New NWF Report Highlights Growing Danger From Methane Waste

Oil and Gas Methane Pollution: An Invisible Threat to Wildlife and An Economic Opportunity for Communities

Washington, DC – A new NWF report highlights how methane waste from the oil and gas sector is a threat to wildlife, but is also an economic opportunity for business and local residents if captured. Methane, the primary component of natural gas, is considered a climate super-pollutant because it has 80 times the potency of carbon dioxide in the near-term. It is a leading cause of climate change and a threat to wildlife and the outdoor economy. Methane emissions also represent a wasted energy resource that could otherwise be used to power American homes and generate royalty revenue on tribal and public lands. Methane is lost through venting, flaring, and leaks in oil and gas infrastructure. Further, through climate change, methane is polluting the atmosphere and eroding critical wildlife habitats while ushering in pests and invasive species, jeopardizing hunting, fishing, and the outdoor economy. With proper oversight this valuable resource could be powering 6.5 million homes and generating millions in revenue that could be invested back into wildlife-friendly infrastructure. Capturing this wasted resource is commonsense and straightforward solution to a serious problem.
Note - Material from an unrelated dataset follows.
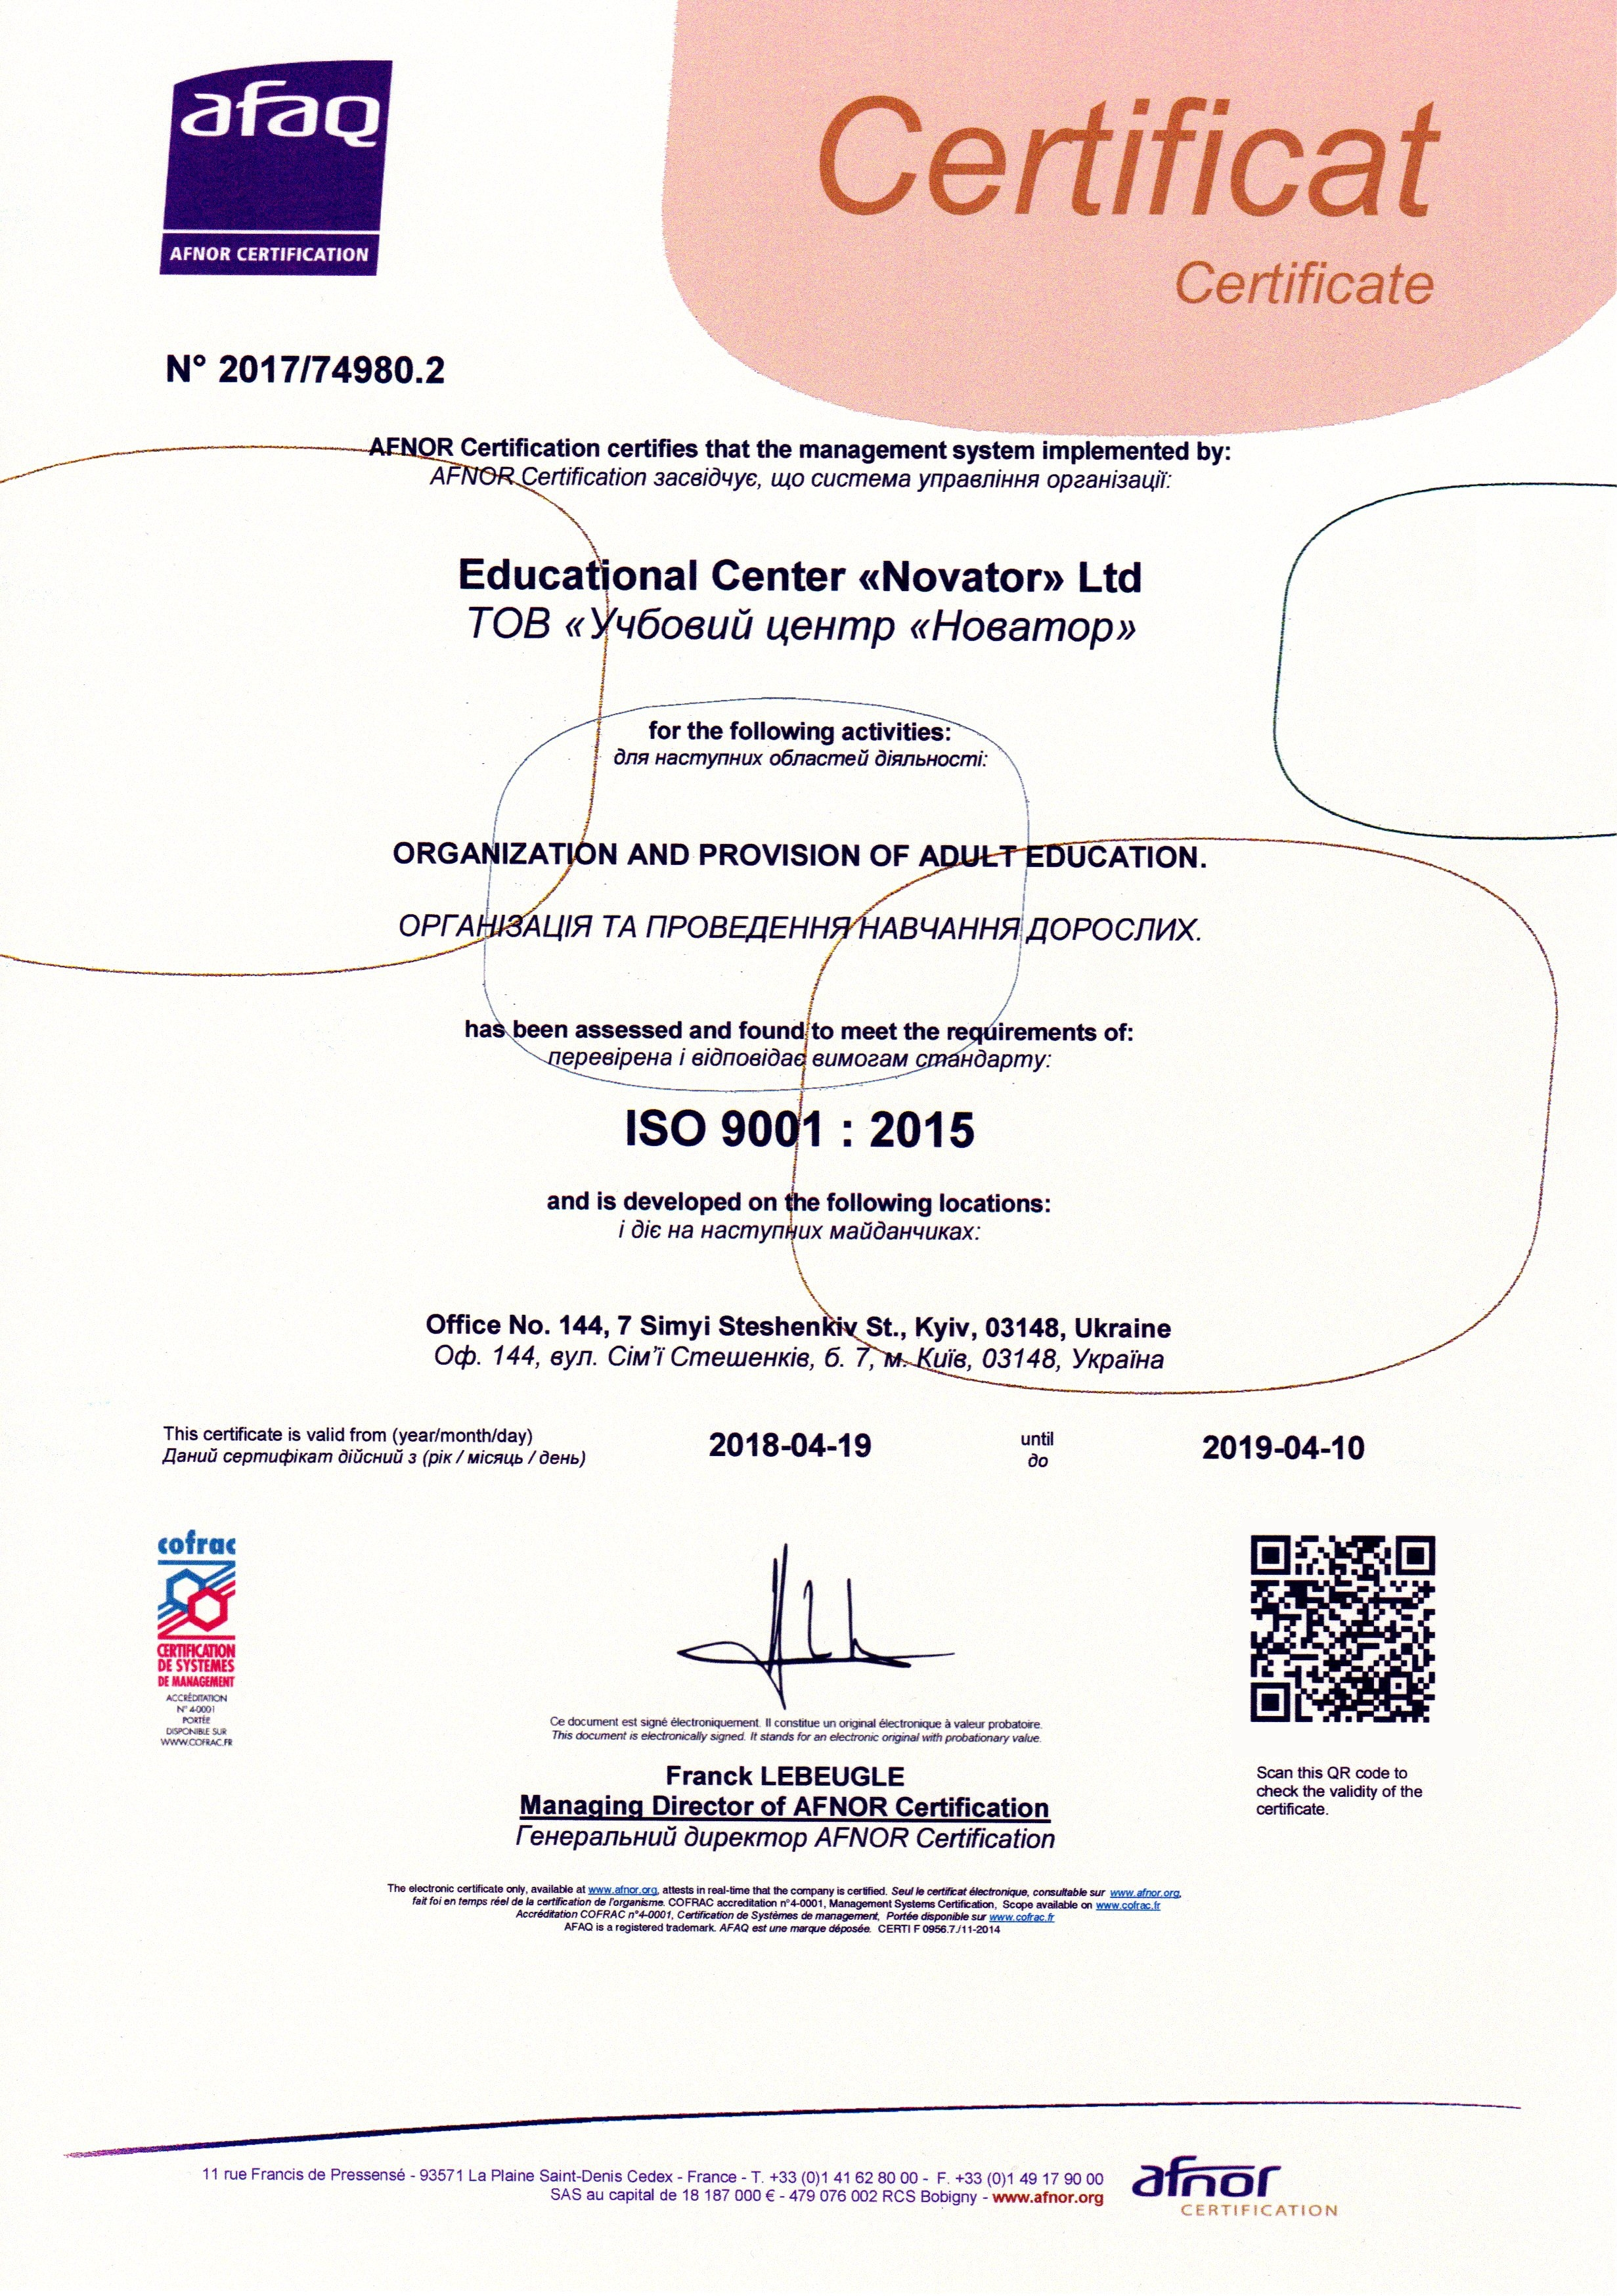 Сертификат afnor ISO 9001:2015

“Capturing leaking methane emissions is important to the future of wildlife, noted Collin O’Mara, president and chief executive officer of the National Wildlife Federation. “Methane emissions are contributing to extreme weather, wildfires, and rising seas that all increasingly pose threats to wildlife and natural resources.  Fortunately, the Bureau of Land Management finalized a rule just yesterday to capture methane waste on federal and tribal lands, allowing more energy revenues to be invested in local communities. We applaud the Administration for taking this step for wildlife.”

Current climate threats to the outdoor recreation economy:

  • Cold weather-dependent moose are declining dramatically in northern states as milder winters fail to kill parasitic ticks, reducing hunting opportunities.
  • Trout streams in the West are becoming too warm in many months to support fishing, threatening key species like bull trout and cutthroat trout. For instance, bull trout, a popular game fish in Montana, are at risk of losing up to 92 percent of their suitable habitat.
  • The Indiana bat, which kills pests that damage agricultural production, could disappear from their maternal range (range used by female bats when raising their young) in the Cuyahoga National Park in the Northeast if warming trends continue.
  • Warmer, dryer summers and warmer, shorter winters in our National Parks are allowing mountain pine beetles to thrive and destroy vast swaths of publicly owned forests. This detracts from American’s outdoor experience in cherished national parks and reduces tourism-related income in surrounding communities.
  • A massive fish kill has recently broken out in the Yellowstone River in part because waters were too warm and shallow, forcing authorities to close the river to fishing and water recreation during the peak summer season.

The National Wildlife Federation urges this administration and the next to follow key recommendations to curtail the methane threat to wildlife and the outdoor economy:

As legally required to do, propose, finalize and implement an EPA rule limiting methane waste from existing sources in the oil and gas industry—a move that could have the effect of eliminating the carbon pollution from over 200 coal-fired power plants.

Successfully implement a recently finalized EPA rule limiting methane waste from new and modified sources of oil and gas production, reducing as much carbon pollution as emitted by about 11 coal-fired power plants. The EPA estimates savings from averting negative consequences of climate change to be approximately $690 million a year.

Successfully implement the newly finalized BLM rule that regulates methane waste from new, modified, and existing sources on federal and tribal lands. The BLM estimates that the methane rule will increase royalty payments by up to $11 million annually.

In light of the growing threat from methane to wildlife, communities, and outdoor recreation, federal agencies should focus on solutions to curb methane emissions from existing sources and ensure gas is captured for powering American homes and the U.S. economy.